Sunday, October 07, 2007

Taste Tests


Dr. Brian Wansink in the Cornell University food lab. Ithaca, New York.

Article in TIME Magazine By JOEL STEIN / ITHACA 9/27/07

I know I'm being experimented on. In fact, I've read the results of these particular psych tests. But I still feel like a jerk as I dip a teaspoon into the applesauce jar yet another time and fill up a tiny saucer, trying to serve myself exactly as much applesauce as I did when I used a big spoon and a big plate. As predicted by previous results, the bigger spoon caused me to serve myself almost 15% more, the big plate 25% more. I also overestimate--by 50%--when I try to pour a shot into a wide glass instead of a tall one, a problem even professional bartenders can't overcome. And when given a full gallon of orange juice, I indeed pour almost 10% more than when given a half-empty gallon.

All of this delights Brian Wansink, the marketing professor who runs Cornell University's food lab. That's mostly because everything delights him. Though he looks a little like the actor Aaron Eckhart, Wansink has all the nerdlike characteristics you'd expect from a mad professor: he has a brain-slammingly loud laugh, overuses the word cool and may be the world's most excitable 47-year-old. He uses this energy to keep about 50 food experiments going at various stages. Most of these studies underscore the lack of conscious decision making that goes into how much, and what, we eat. Wansink called the book he wrote Mindless Eating. (order the book via the WHRO Amazon link on the RH sidebar)

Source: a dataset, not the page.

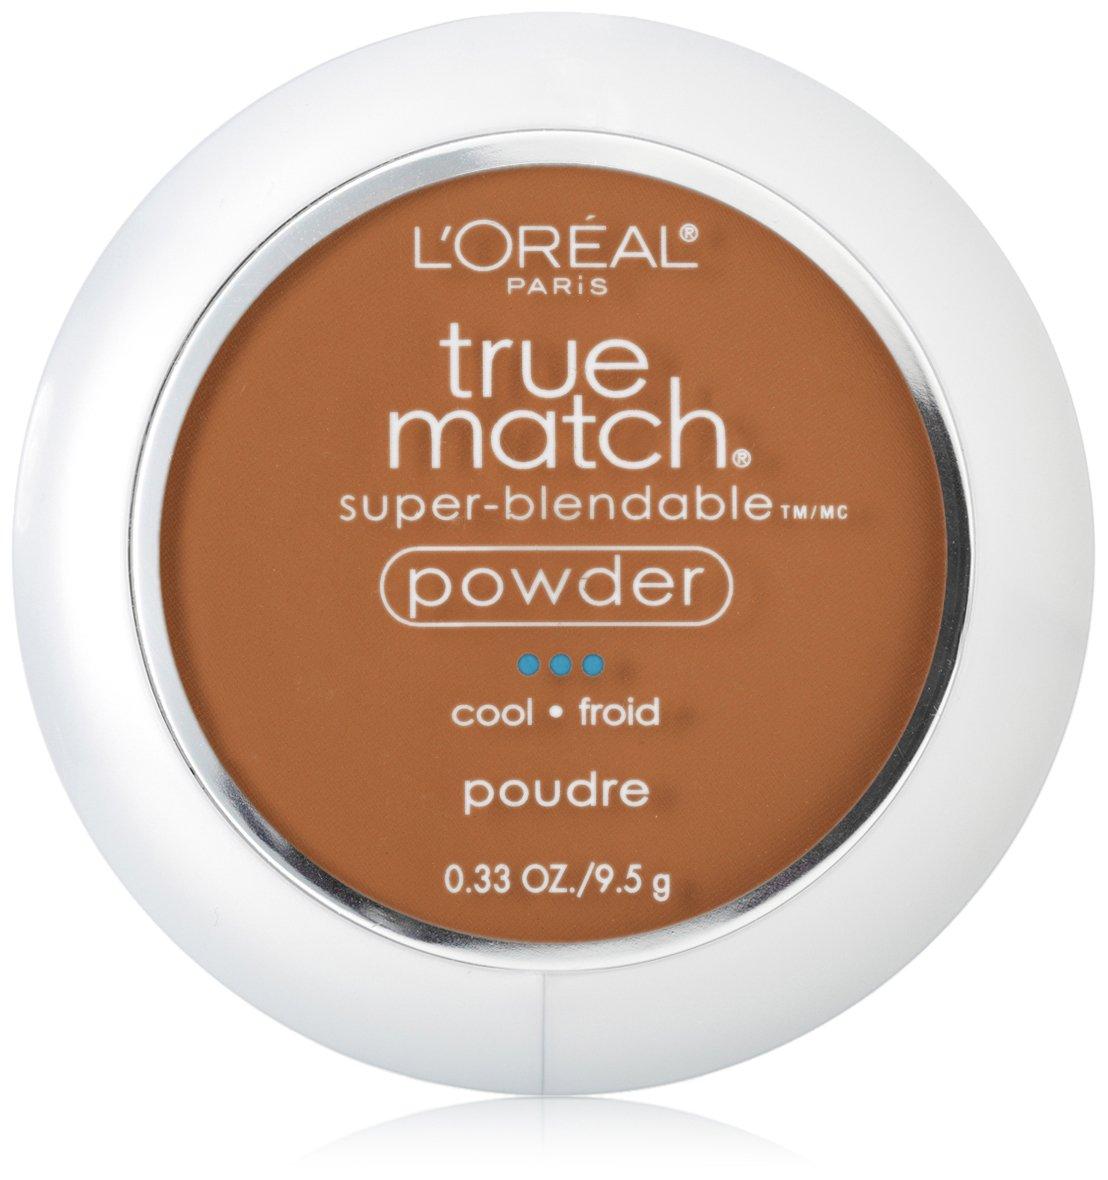 L'Oréal Paris True Match Super-Blendable Powder, Cocoa, 0.33 oz.

Wansink's knowledge impressed me, until I saw the back of his car, which is covered with empty soda cans and McDonald's cups. Which is even stranger, since Wansink passed the first level of tests to be a professional sommelier and his wife was trained as a chef at Le Cordon Bleu. It's as if after all his studies, Wansink has determined that there's no point in trying to keep all the applesauce off the big plate. In his book, he advocates acknowledging how powerless we are and then taking steps to create a healthier eating environment: use small plates, keep junk food in inconvenient places, avoid eating directly from a package, be the last one at your table to start eating, and--if his own life is any guide--gross yourself out with piles of refuse in your backseat.

To get his message out, Wansink conducts some of his lab studies in unscientific, attention-grabbing ways that many of his academic peers find showboaty. Some dismiss his work as "Happy Meal studies." Wansink counters that his approach hits people where they live--and eat. "Once you're in a bar giving people chicken wings, people say, 'Oh, I can relate to that,'" he says, referring to an experiment in which he showed that subjects watching the Super Bowl at a bar ate 28% more chicken wings when the waitresses cleared the bones from the table than when the bones piled up. "That's the only one real people are going to talk about. They're not going to talk about your lab study." Starting this month, Wal-Mart is encouraging its employees to use an online program Wansink developed in which he offers diet tips based on psychological profiles as part of the retailer's new health plan.

About a third of the time, Wansink's experiments produce results that surprise even him, as happened with a study on students who buy lunch with debit cards instead of cash--a system many schools are starting to use to take the stigma out of government-aided school-lunch programs. Wansink's team thought the kids would save as much cash as they could for other purchases. "We thought if you have the cash left over, you can spend it on crystal meth or condoms or whatever high school kids buy," he says. Instead, when they had cash, the kids spent the same amount of money on food, but they spent more on junk food.

Although I love being around him, I find almost all of Wansink's results depressing. Apparently, I'll eat more M&Ms if they're in 10 colors rather than seven because I'll crave the variety. And unless I'm a real foodie, or French, flowers at my table will make me eat more, even though they clash with the smells of my meal, making it less appealing. Maybe I should just give up and gnaw on soy bars all day. But Wansink doesn't see it that way. He figures there are plenty of meals where he's really focusing and enjoying the food, and that's when he calorie-splurges. The rest of the time, he just tries to keep the junk away. Which, in all of life, not just food, isn't that bad of a plan.